The equation means the rate of change of the sample equals the model’s predicted velocity. Integrating this ODE backward from noise ($t=1$) to data ($t=0$) generates samples.

1.2 Conservation of Probability (Continuity Equation)

To ensure total probability is conserved as points move through space, the learned flow must satisfy the continuity equation:

\[\frac{\partial p_t(x)}{\partial t}+\nabla_x\cdot\left(p_t(x)\,v_\Theta(x,t)\right)=0\]

Explanation

The first term $\tfrac{\partial p_t(x)}{\partial t}$ measures how the density at $x$ changes with time.
The divergence $\nabla_x\cdot(p_t(x),v_\Theta(x,t))$ measures how probability mass flows in or out of $x$.
The sum being zero enforces conservation: probability only moves—it is neither created nor destroyed.

This property guarantees that integrating the ODE transports the full distribution $p_t$ correctly from noise to data.

1.3 Interpolation Path Between Noise and Data

FM defines a smooth interpolation path parameterized by scalar coefficients $a_t$ and $b_t$:

\[z_t=a_t x_0+b_t\varepsilon,\qquad x_0\sim p_0,\,\varepsilon\sim\mathcal N(0,I)\]

Explanation

$z_t$ – intermediate latent between pure data ($x_0$) and pure noise ($\varepsilon$).
$a_t,b_t$ – time-dependent scalars controlling how much data vs. noise is mixed.
$a_0{=}1,b_0{=}0\Rightarrow z_0{=}x_0$; $a_1{=}0,b_1{=}1\Rightarrow z_1{=}\varepsilon$.

Thus, as $t$ increases from 0 to 1, the sample transitions smoothly from data to noise.

1.4 Conditional Flow Matching (CFM) Loss

Directly solving the ODE during training would be computationally expensive. Instead, we regress the predicted velocity field against an analytically known conditional velocity. The Conditional Flow Matching objective from Lipman et al., 2023 is:

\[\mathcal L_{\text{CFM}}=\mathbb E_{t,x_0,\varepsilon}\left[\|v_\Theta(z_t,t)-u_t(z_t\mid\varepsilon)\|_2^2\right]\]

Explanation

(v_\Theta(z_t,t)): model’s predicted velocity.
(u_t(z_t\mid\varepsilon)): exact conditional velocity computed from the interpolation path.
The expectation is taken over random timesteps (t), data samples (x_0), and noise (\varepsilon).
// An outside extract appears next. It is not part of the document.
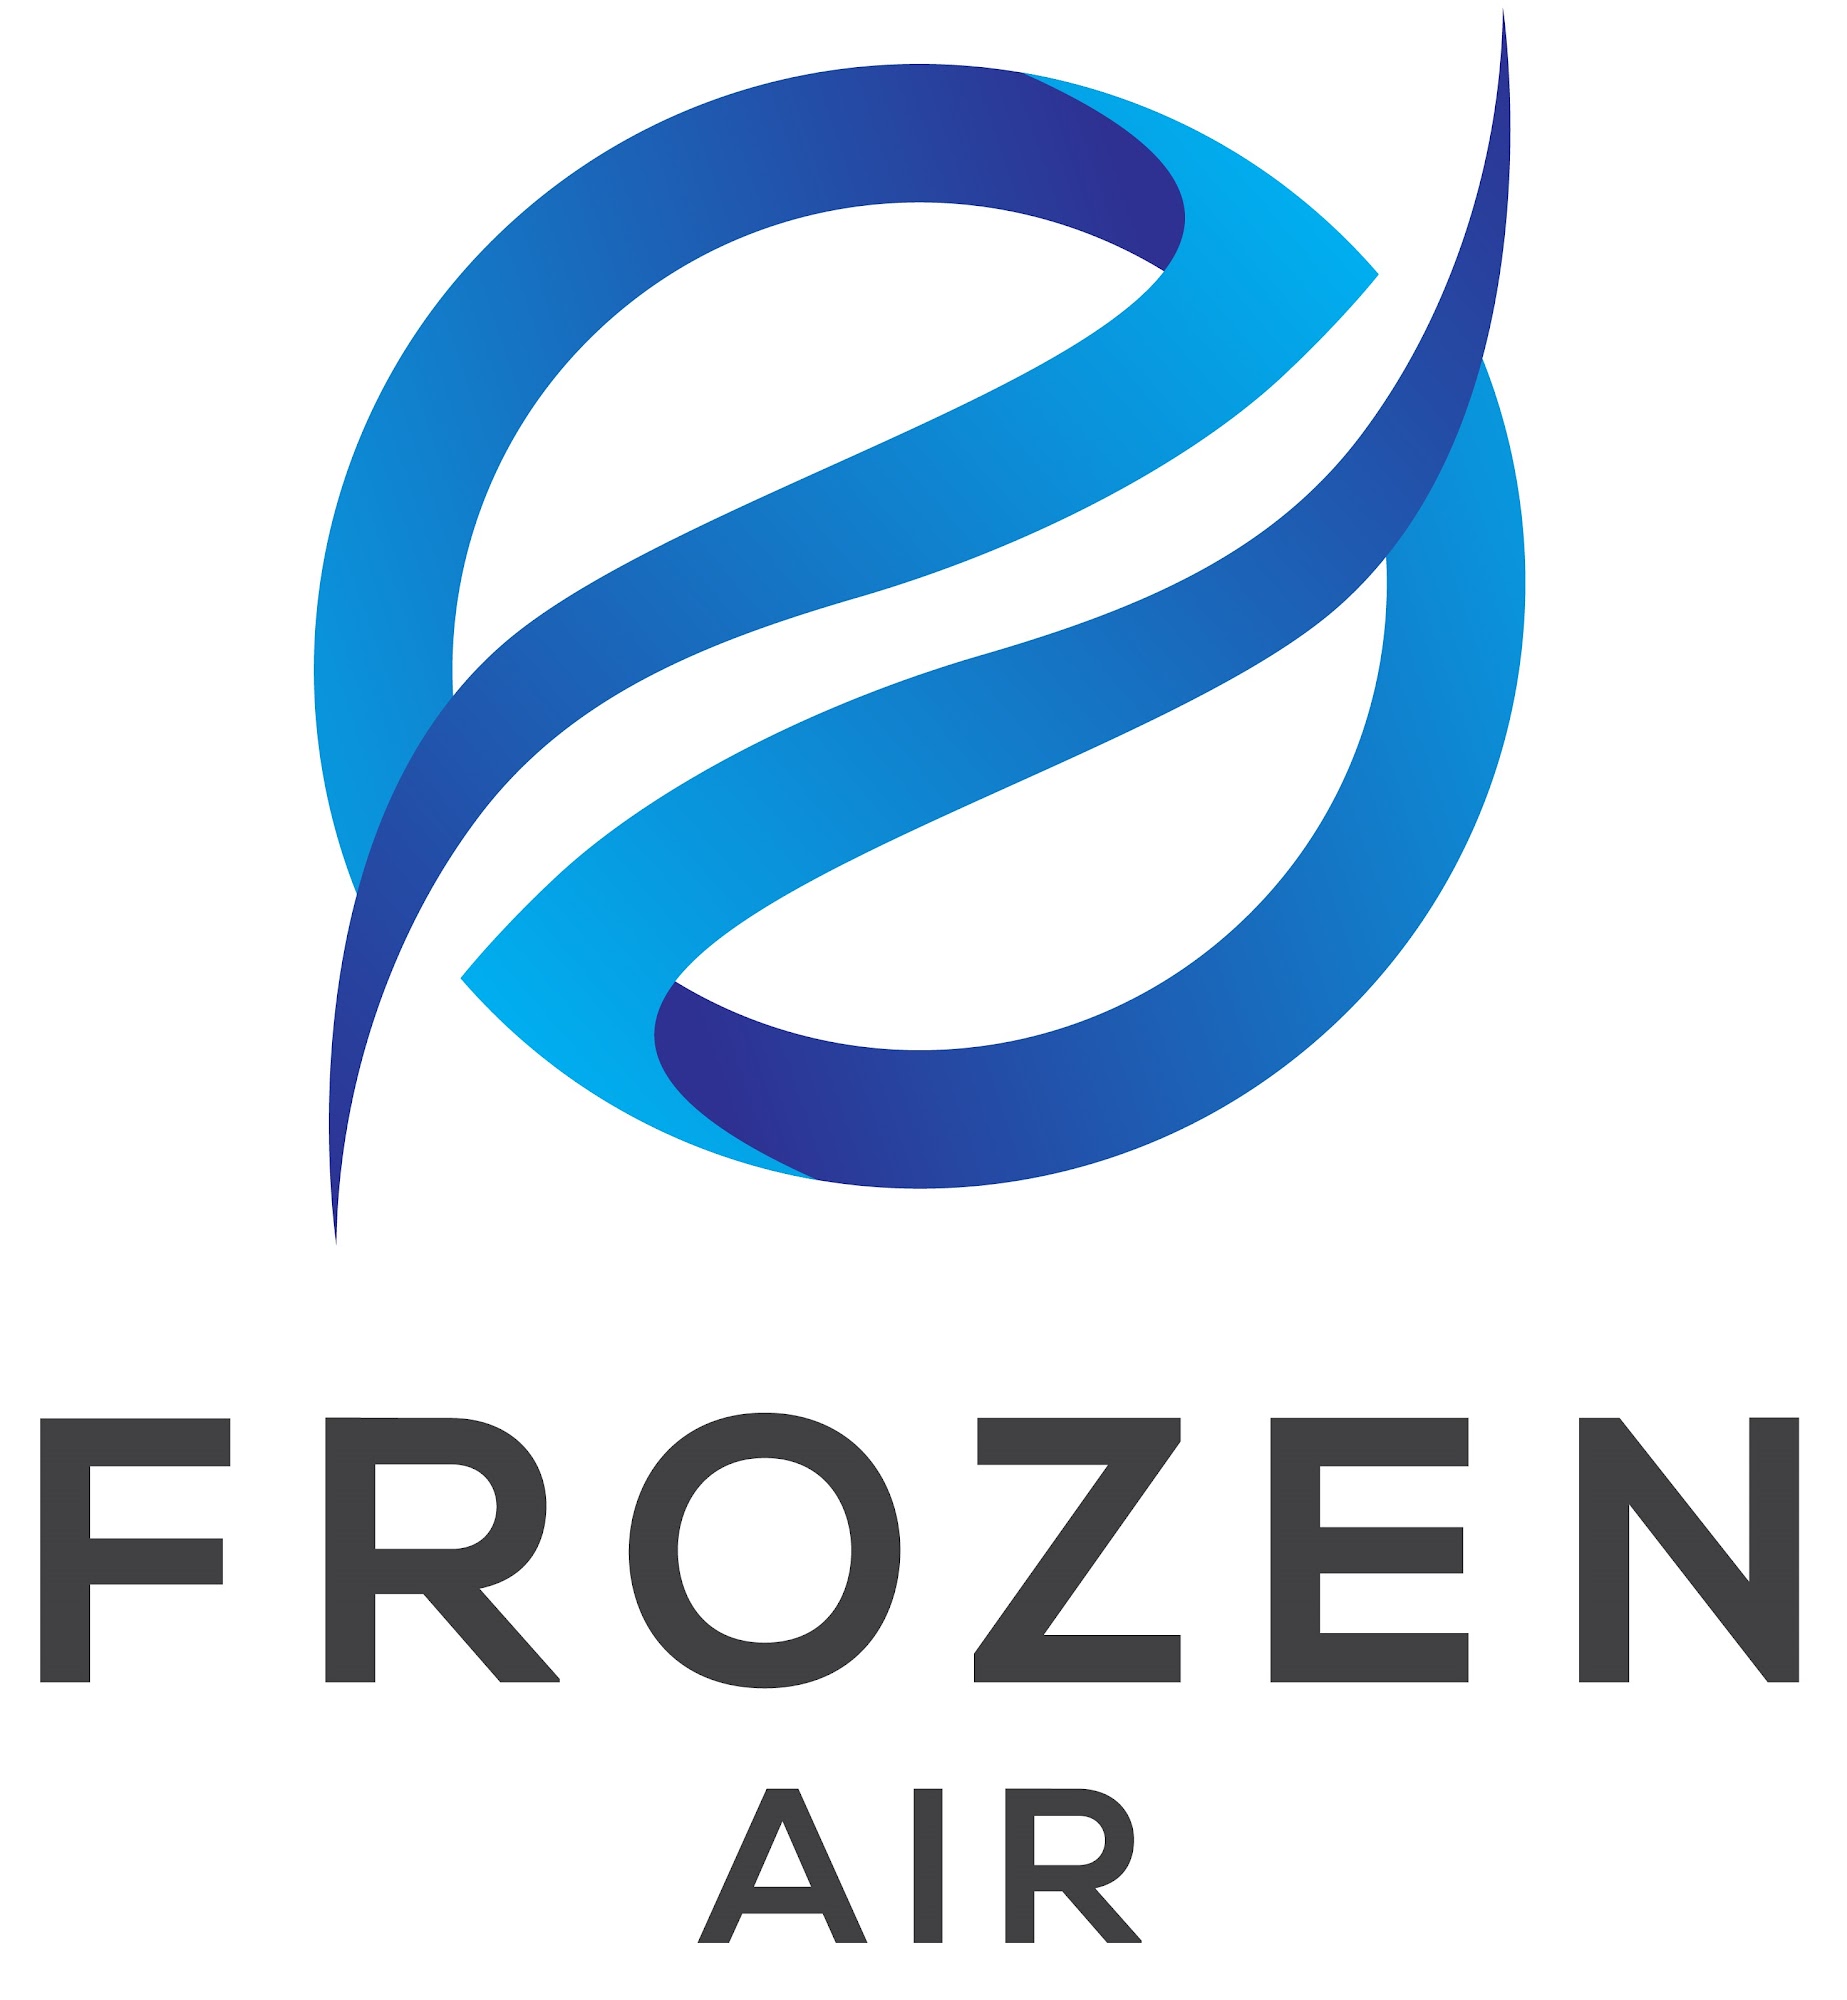 Frozen Air 9180 NE Jacksonville Rd, Anthony Florida 32617

Minimizing this loss trains the network so that its predicted velocity field reproduces the true transport dynamics.

1.5 Rectified Flow (Straight-Line Paths)

Rectified Flow (RF) simplifies the interpolation by using straight-line paths in latent space:

\[z_t=(1-t)x_0+t\varepsilon\]

Explanation

(t=0): pure data; (t=1): pure noise.
Samples move linearly between (x_0) and (\varepsilon).

The corresponding target velocity is constant:

\[\frac{dz_t}{dt}=\varepsilon-x_0\]

Explanation

Each pair ((x_0,\varepsilon)) defines a fixed direction in latent space.
During training, the model learns to reproduce this constant velocity. This straight-line formulation enables simple supervision, fast convergence, and efficient sampling.
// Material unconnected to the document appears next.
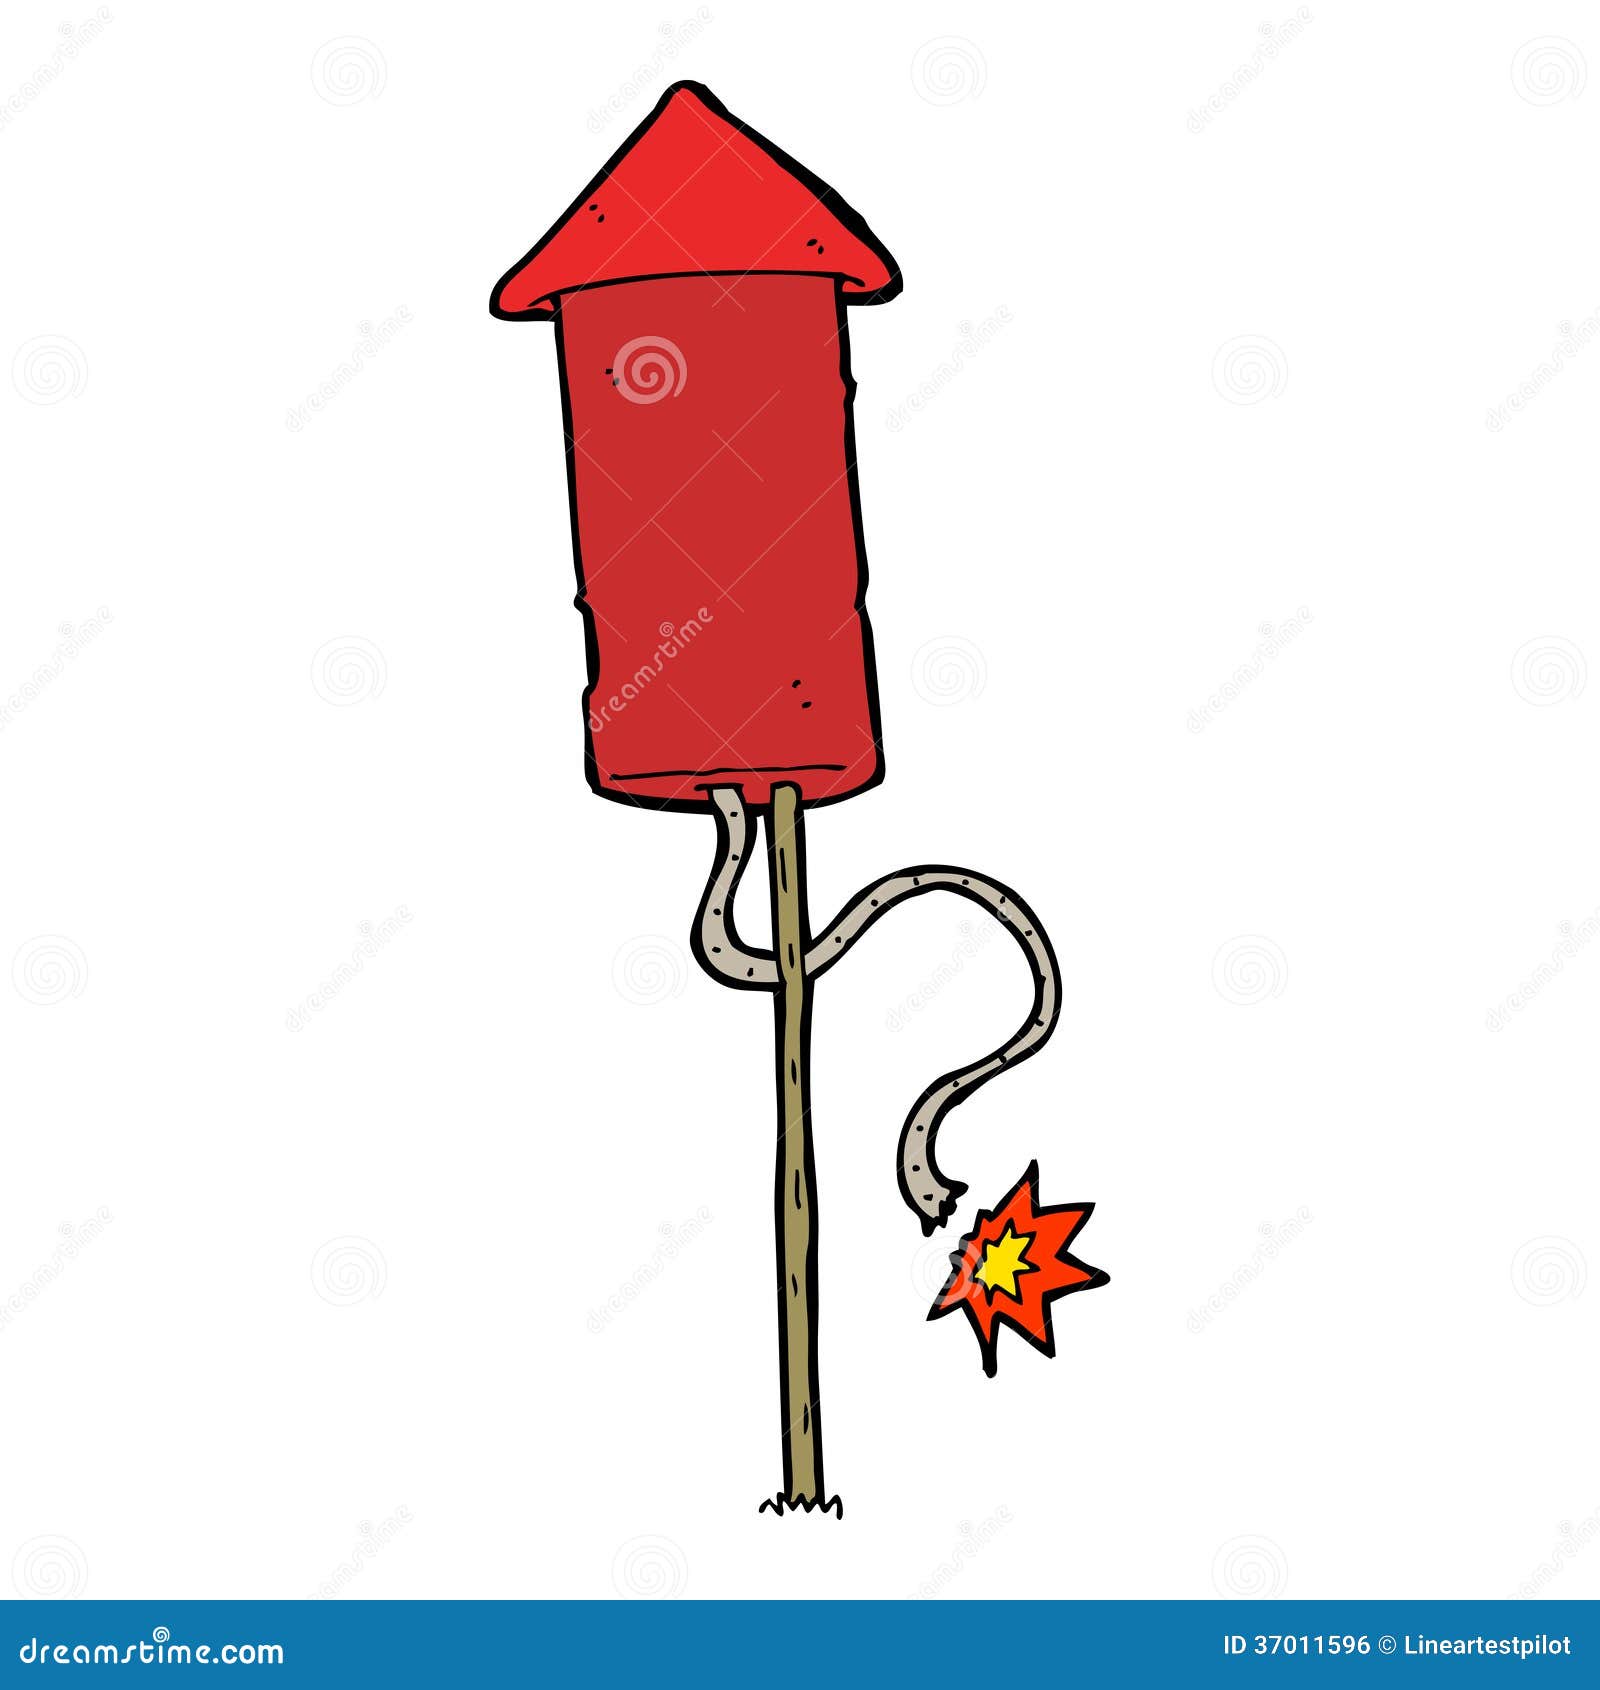 Cartoon firework stock vector. Illustration of drawing - 37011596

1.6 Diffusion vs Flow Matching (Conceptual Contrast)

Aspect	Diffusion Models	Flow Matching Models
Dynamics	Reverse-time stochastic differential equation (SDE)	Deterministic ODE
Training target	Predict noise ($\varepsilon$)	Predict velocity ($v_\Theta$)
Sampling	Hundreds of small denoising steps	Few adaptive ODE steps ($\approx 5$–$15$)
Randomness	Stochastic integration	Deterministic integration
Speed	Slow	Fast
Theory	Score matching	Continuity equation

Flow Matching thus provides a deterministic counterpart to diffusion models—retaining their strong supervision while drastically reducing sampling cost.

1.7 Working Definition

A Flow Matching model consists of:

Base distribution $p_1(x)=\mathcal N(0,I)$.
Target data distribution $p_0(x)$.
Interpolation path $z_t=a_t x_0+b_t\varepsilon$.
Neural velocity field $v_\Theta(x,t)$ trained with $\mathcal L_{\text{CFM}}$.
An ODE solver (Euler, Runge–Kutta, etc.) that integrates from $t=1$ to $t=0$ to generate data samples.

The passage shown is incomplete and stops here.